Every picture should be left out, but the lines below must be repeated exactly.

==== Data shown ====

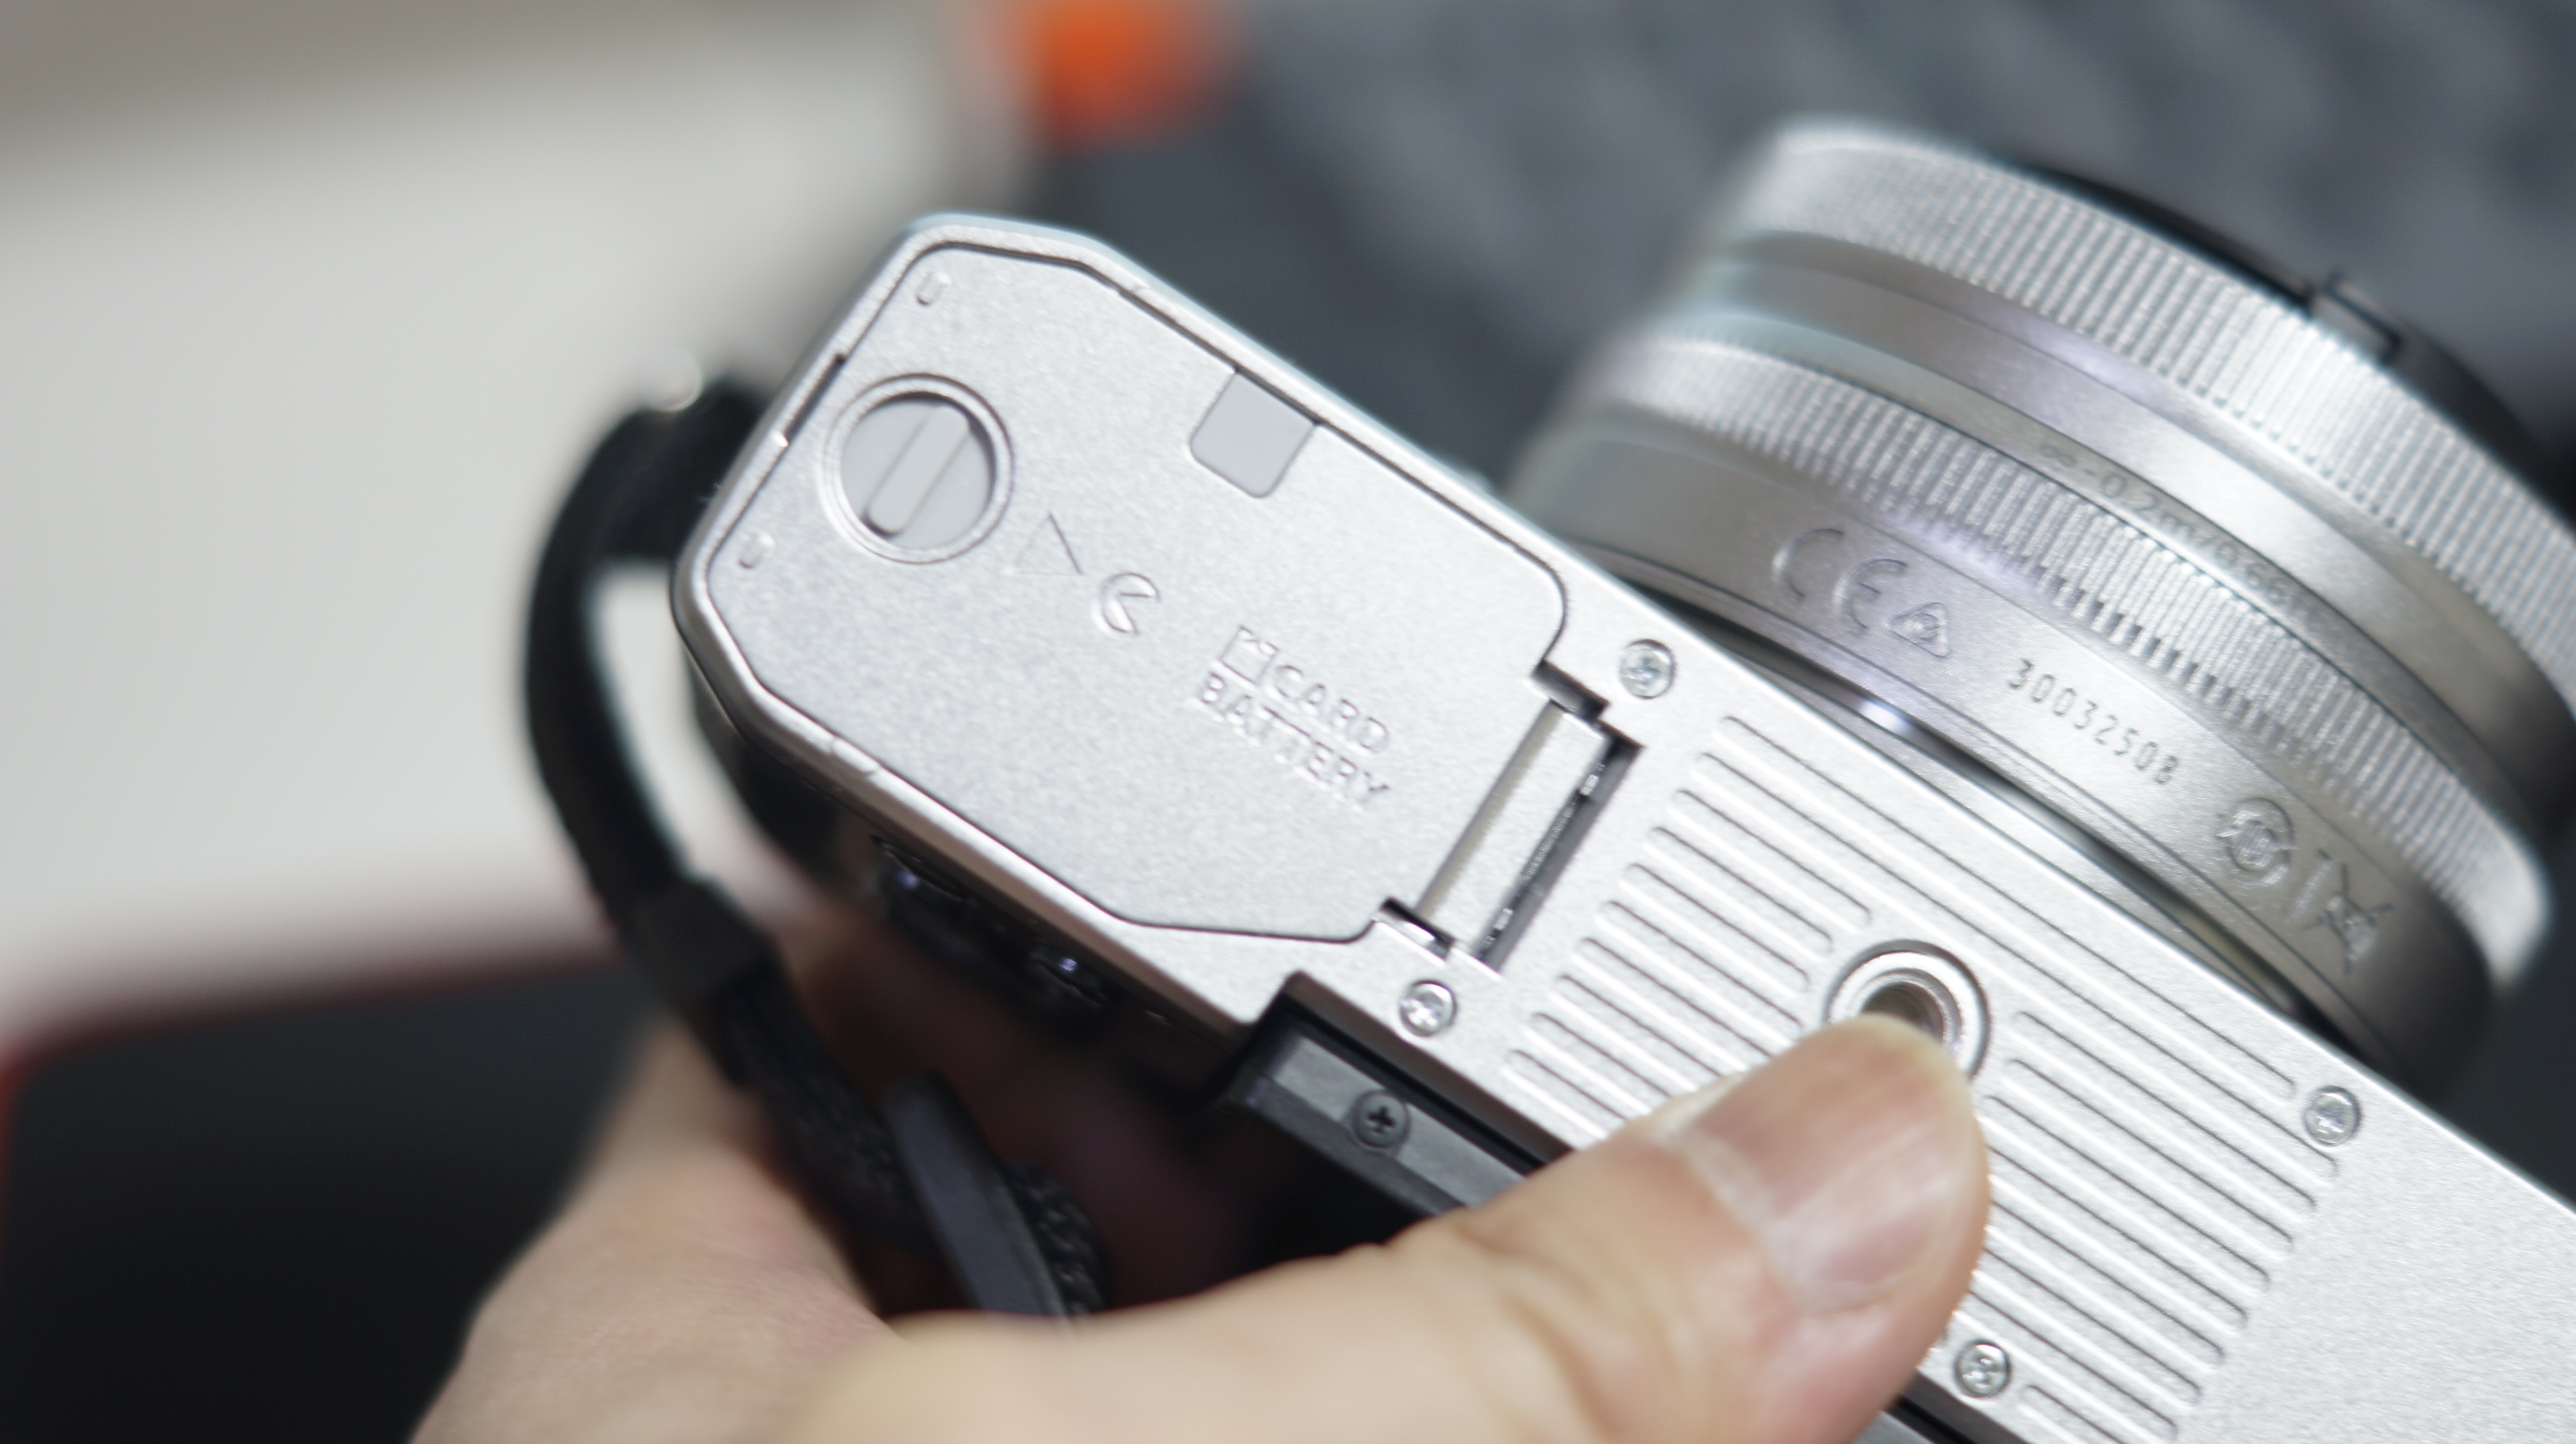 니콘 Zfc 레트로 디자인의 미러리스 디지털카메라 개봉기 사진11
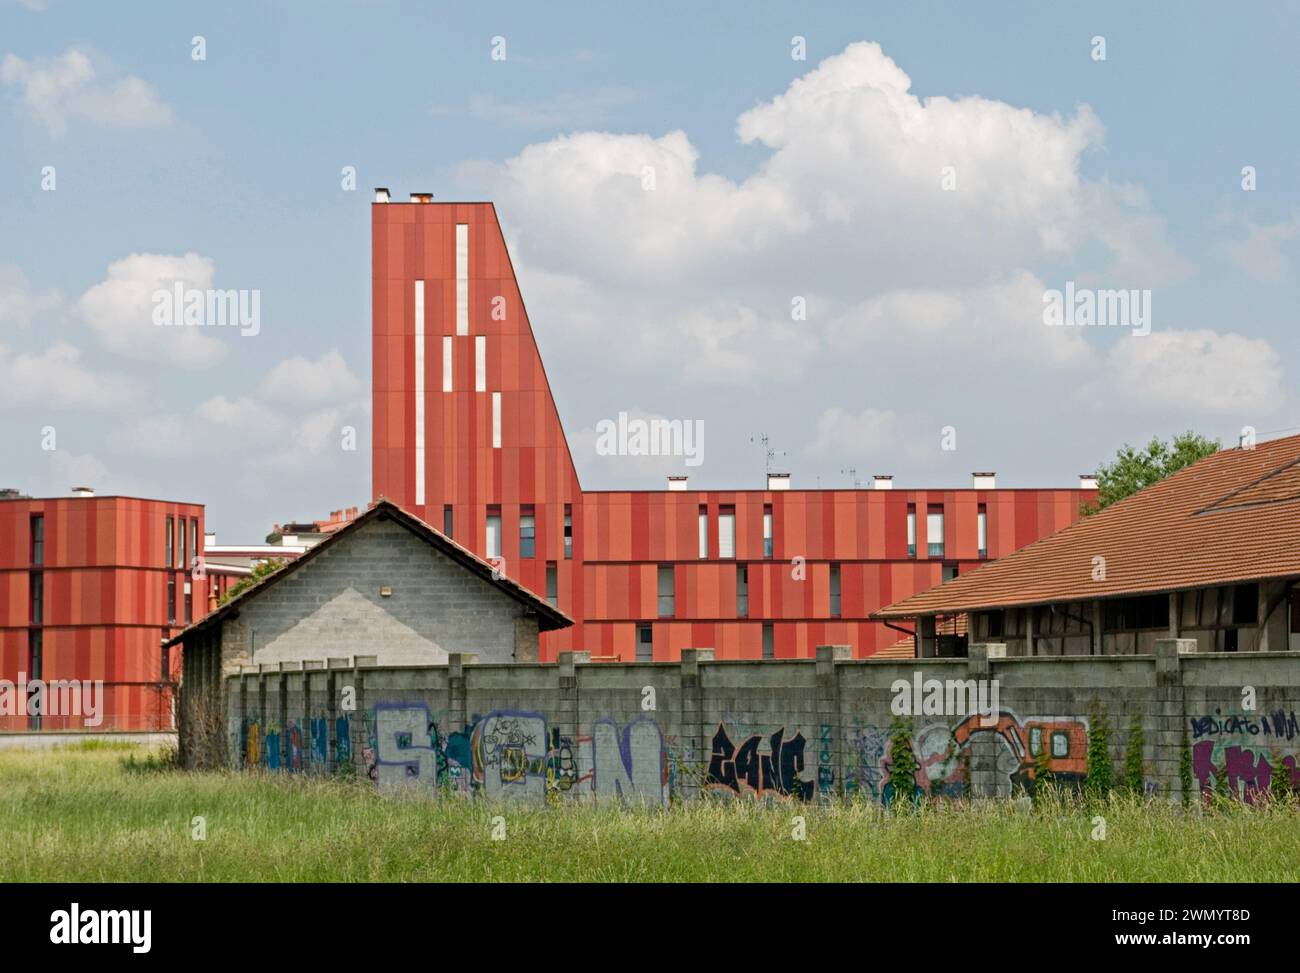 Construcciones nuevas y antiguas en el área suburbana, Milán, Italia Foto de stock
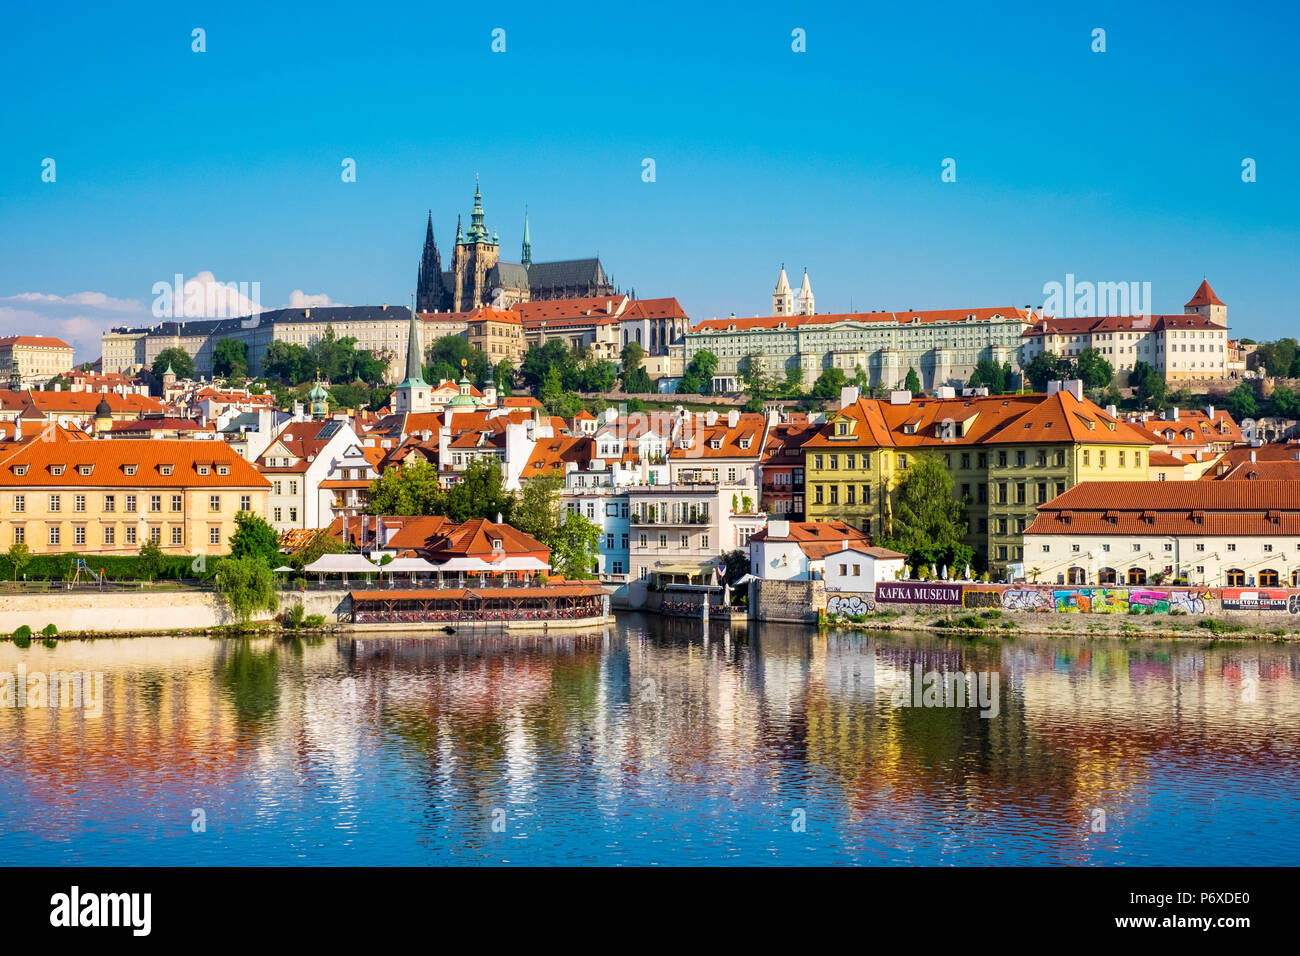 Tschechische Republik, Prag. Blick auf die Prager Burg, Prazsky hrad an der Moldau, und Gebäude in der Mala Strana. Stockfoto
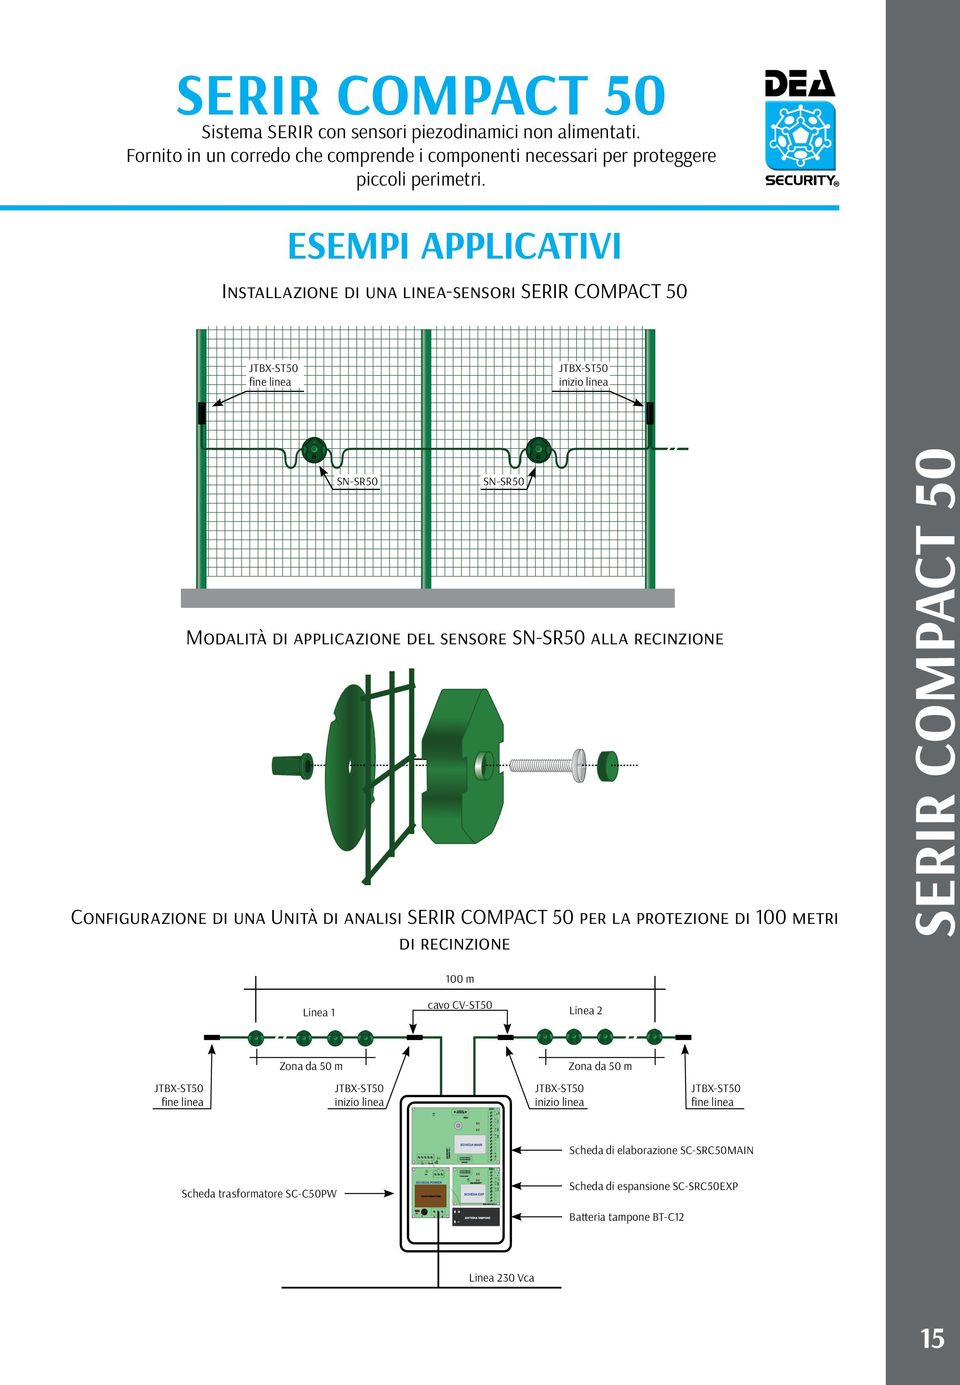 ESEMPI APPLICATIVI Installazione di una linea-sensori SERIR COMPACT 50 JTBX-ST50 fine linea JTBX-ST50 inizio linea SN-SR50 SN-SR50 Modalità di applicazione del sensore SN-SR50 alla recinzione
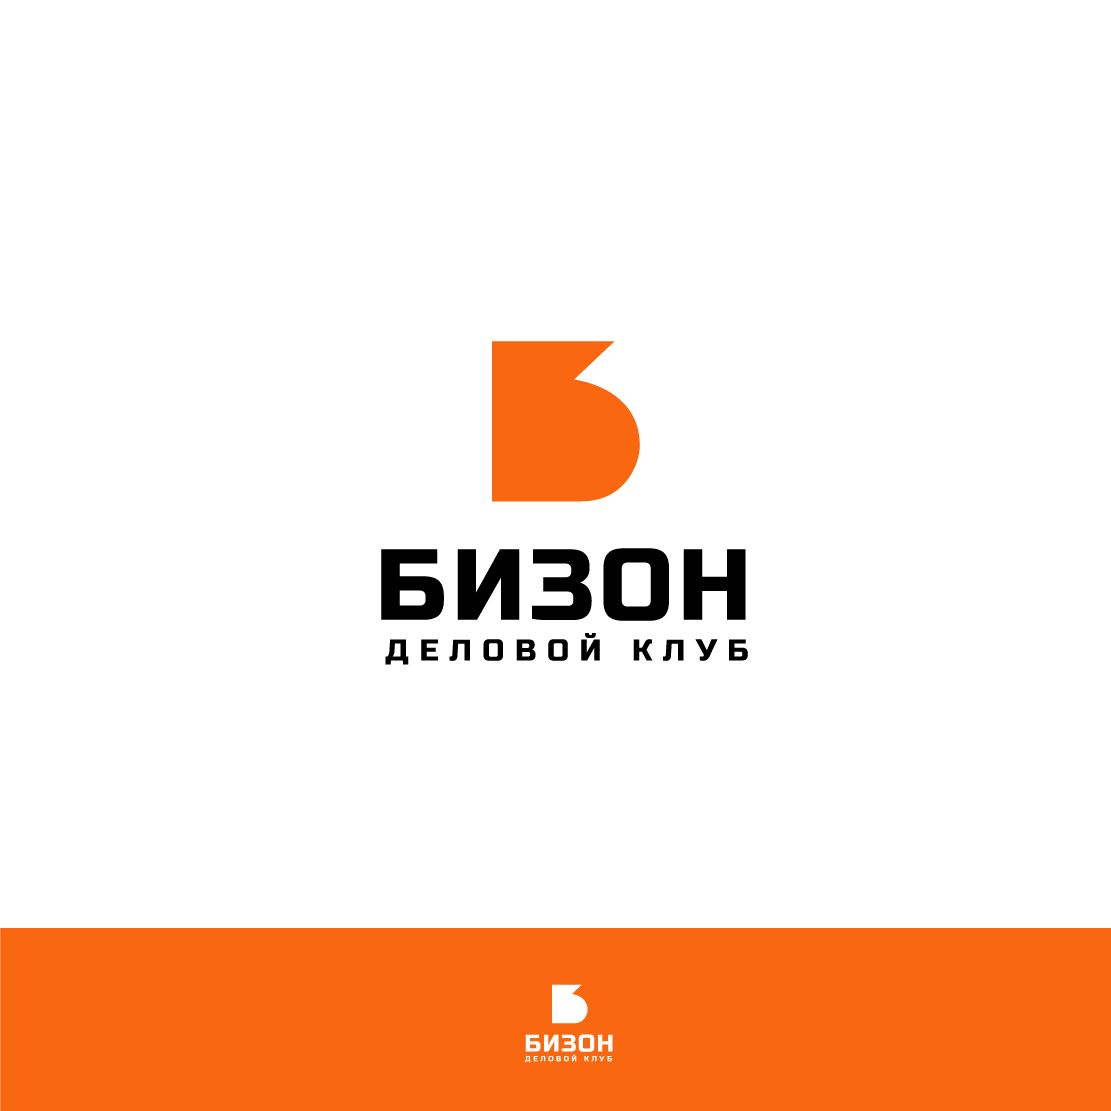 Логотип для «БИЗОН» или «БИЗНЕС-ЗОНА» (полное название) - дизайнер GVV

====

Written reply:
 니콘 Zfc 레트로 디자인의 미러리스 디지털카메라 개봉기 사진11
 Construcciones nuevas y antiguas en el área suburbana, Milán, Italia Foto de stock
 Tschechische Republik, Prag. Blick auf die Prager Burg, Prazsky hrad an der Moldau, und Gebäude in der Mala Strana. Stockfoto
 ESEMPI APPLICATIVI Installazione di una linea-sensori SERIR COMPACT 50 JTBX-ST50 fine linea JTBX-ST50 inizio linea SN-SR50 SN-SR50 Modalità di applicazione del sensore SN-SR50 alla recinzione
 Логотип для «БИЗОН» или «БИЗНЕС-ЗОНА» (полное название) - дизайнер GVV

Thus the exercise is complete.